Prompt:
Would you write out the listing verbatim and skip every picture in it?

───── Material provided ─────

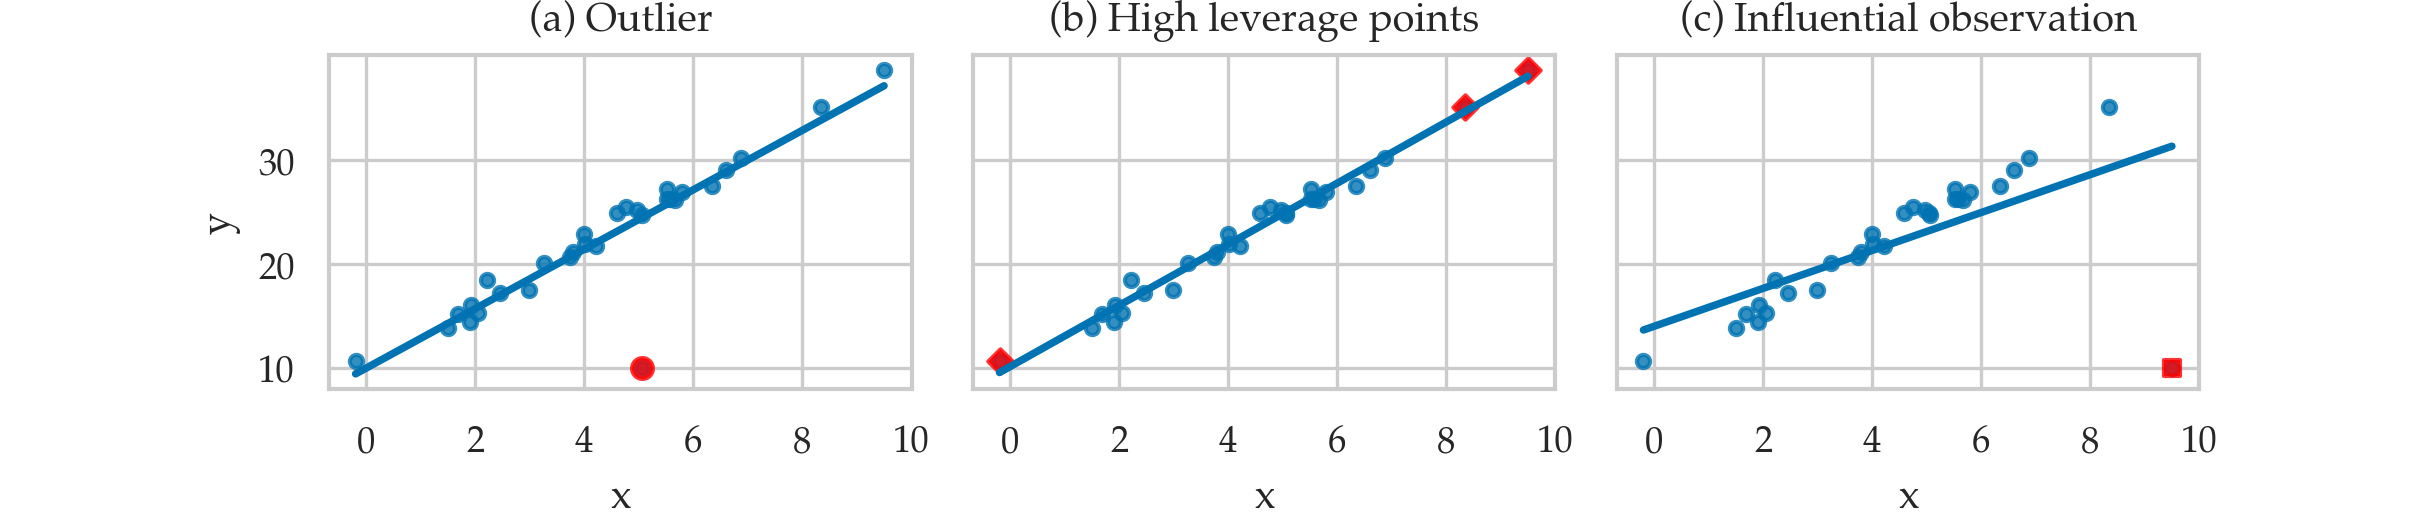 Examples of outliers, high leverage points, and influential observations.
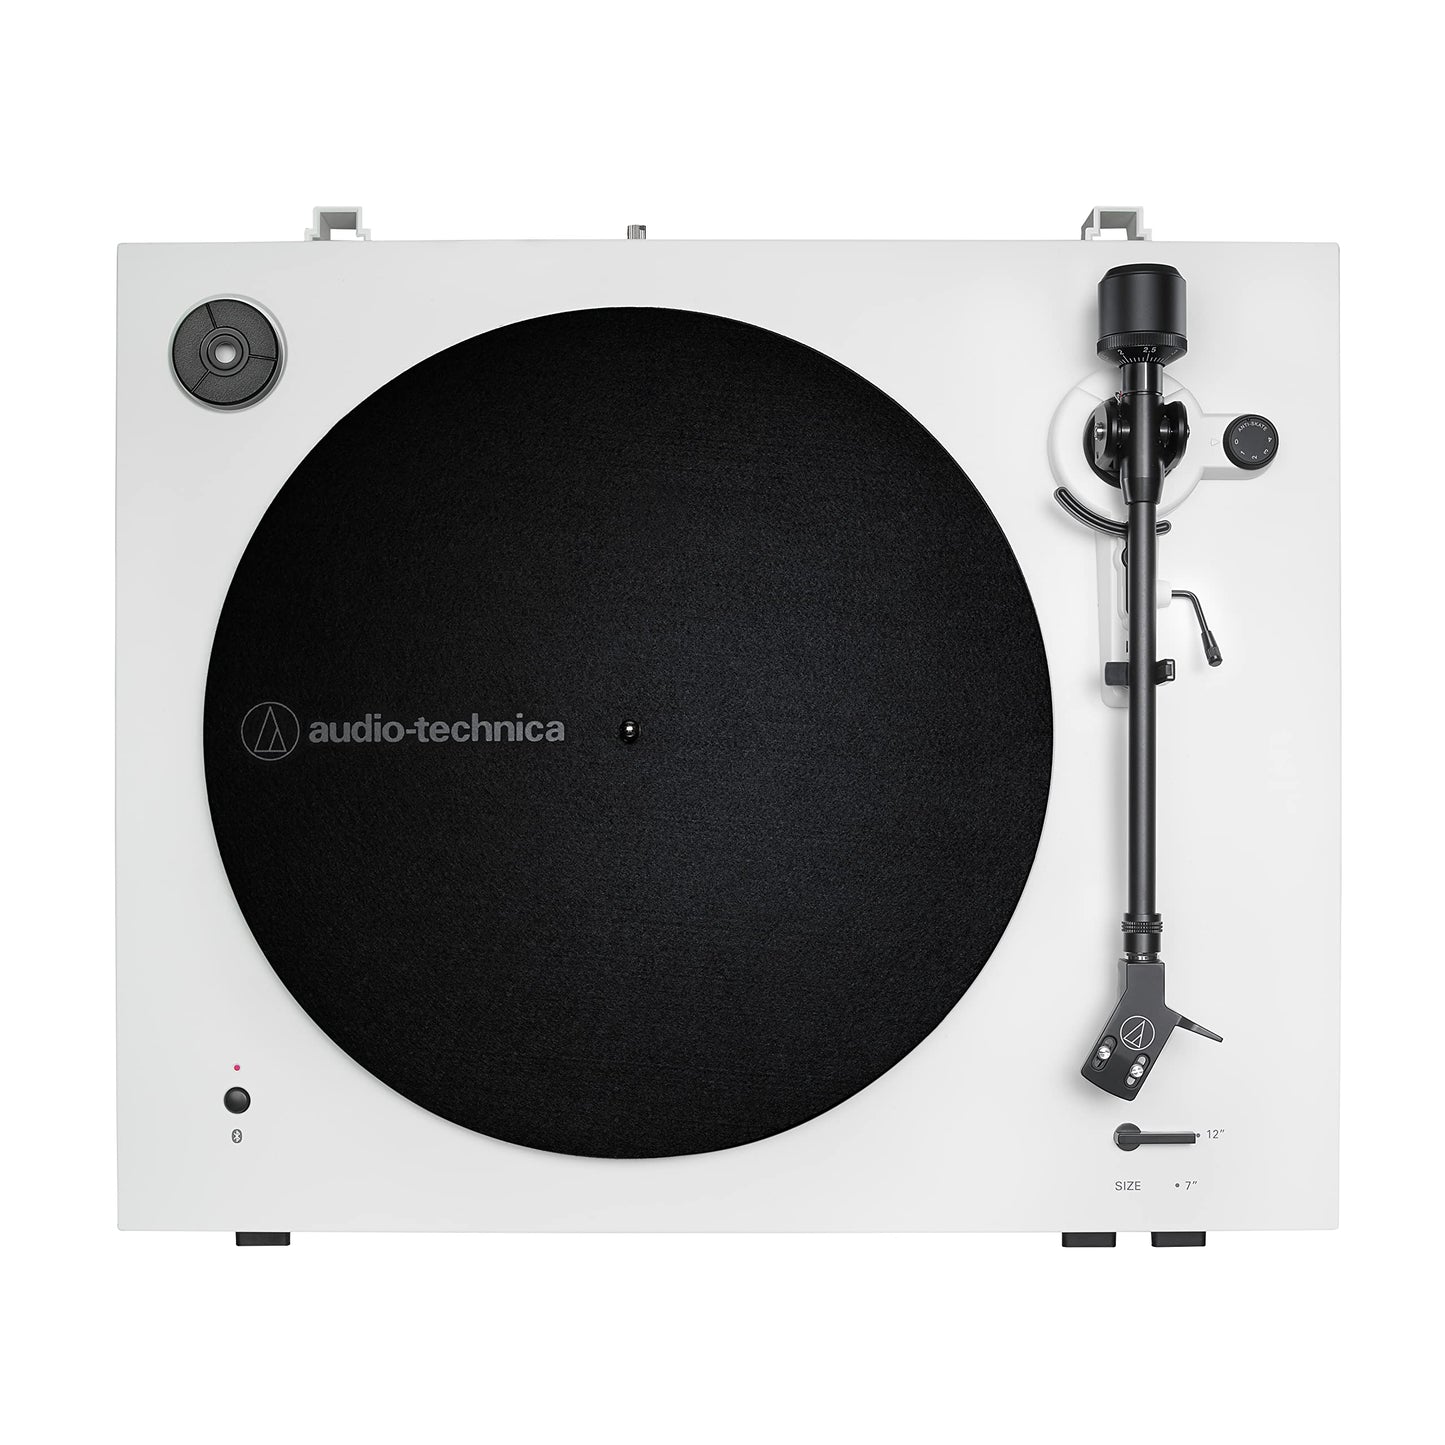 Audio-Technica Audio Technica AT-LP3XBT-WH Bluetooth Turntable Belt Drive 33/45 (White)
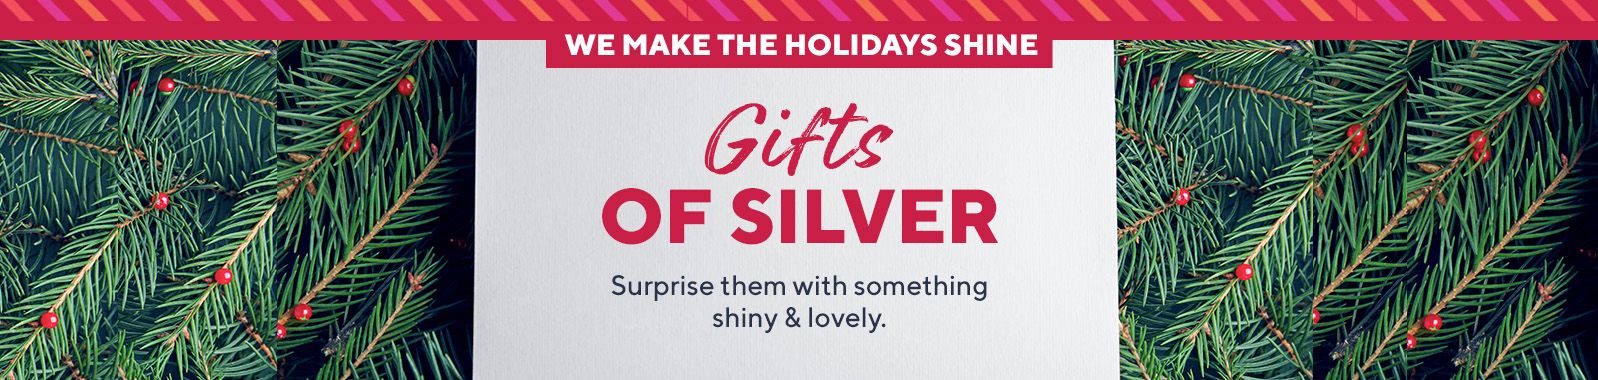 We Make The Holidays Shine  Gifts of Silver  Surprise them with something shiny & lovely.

─────

Written response:
 Examples of outliers, high leverage points, and influential observations.
 Audio-Technica Audio Technica AT-LP3XBT-WH Bluetooth Turntable Belt Drive 33/45 (White)
 We Make The Holidays Shine  Gifts of Silver  Surprise them with something shiny & lovely.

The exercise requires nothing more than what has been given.